The Council of the Global Environment Facility (GEF), approved the financing of the project, called “Improving the governance of the sea basin to reduce the impacts on large transboundary marine ecosystems in the SICA region,” with an amount of US$ 20 million.
The project aims to improve environmental sustainability, economic prosperity and climate resilience in the large marine ecosystems of the Pacific, the coast of Central America and the Caribbean, through a sea basin approach that safeguards marine and freshwater resources for ecosystems and livelihoods.
The implementation of the new project will be led by the Central American Environment and Development Commission (CCAD), composed of the environment ministries of the eight countries of the SICA region (Central America and the Dominican Republic), and will have the Food and Agriculture Organization of the United Nations (FAO) as the implementing agency.

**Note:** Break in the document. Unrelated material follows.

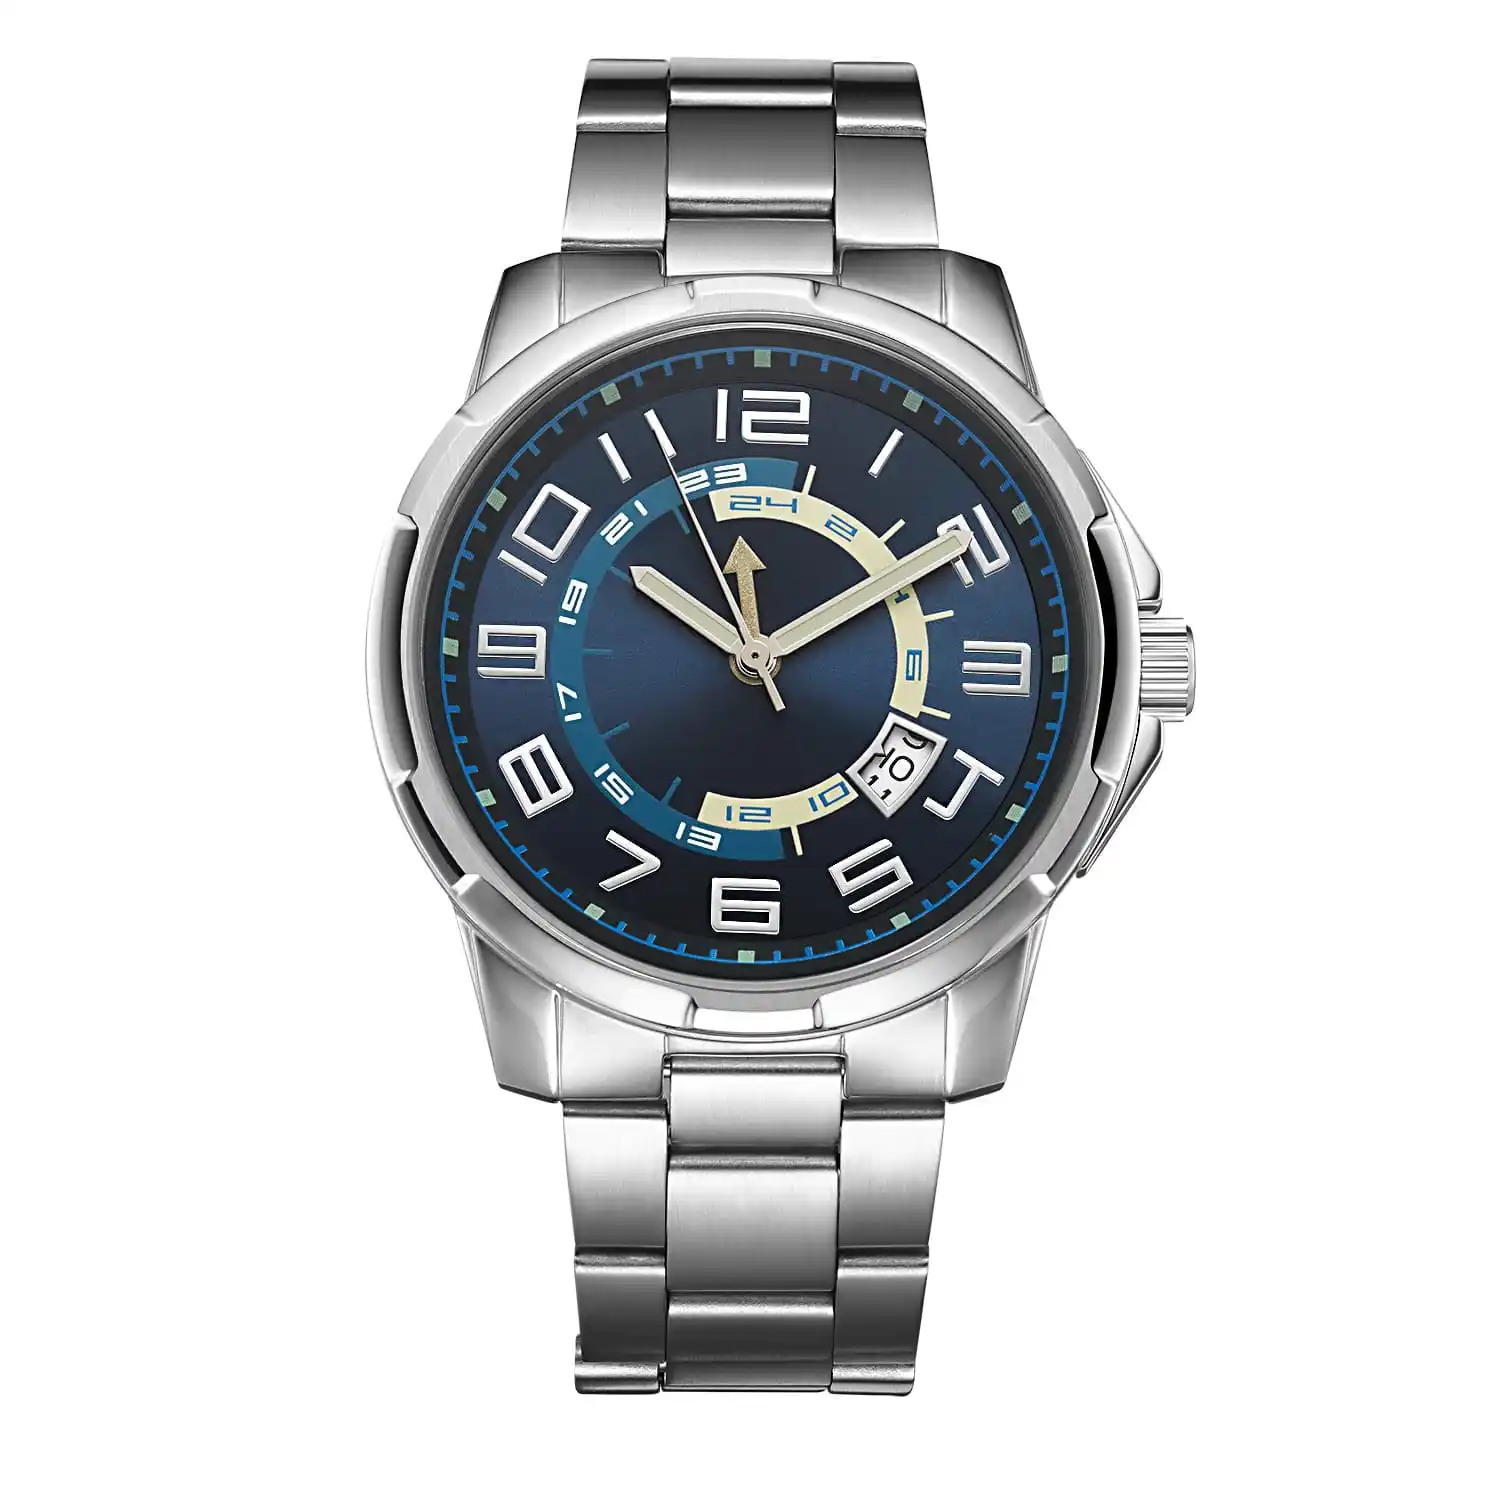 [박스셋] 날짜 표시 높은 비용-효과적인 새로운 판매 제품 남여 공용 손목 시계 석영 남성용 ODM OEM

For the CEO and executive president of the GEF, Carlos Manuel RodrÃguez Echandi, Central America and the Dominican Republic are very vulnerable nations to climate change and require high investments to combat the dramatic effects on their ecosystems and communities.
Upon learning of the approval of the new regional project, the Executive Secretary of the CCAD, Jair Urriola Quiroz, stressed that this regional project was designed by the technical teams of the eight countries that make up the CCAD and supported from the initial idea by the Council of Ministers and Ministers of the Environment.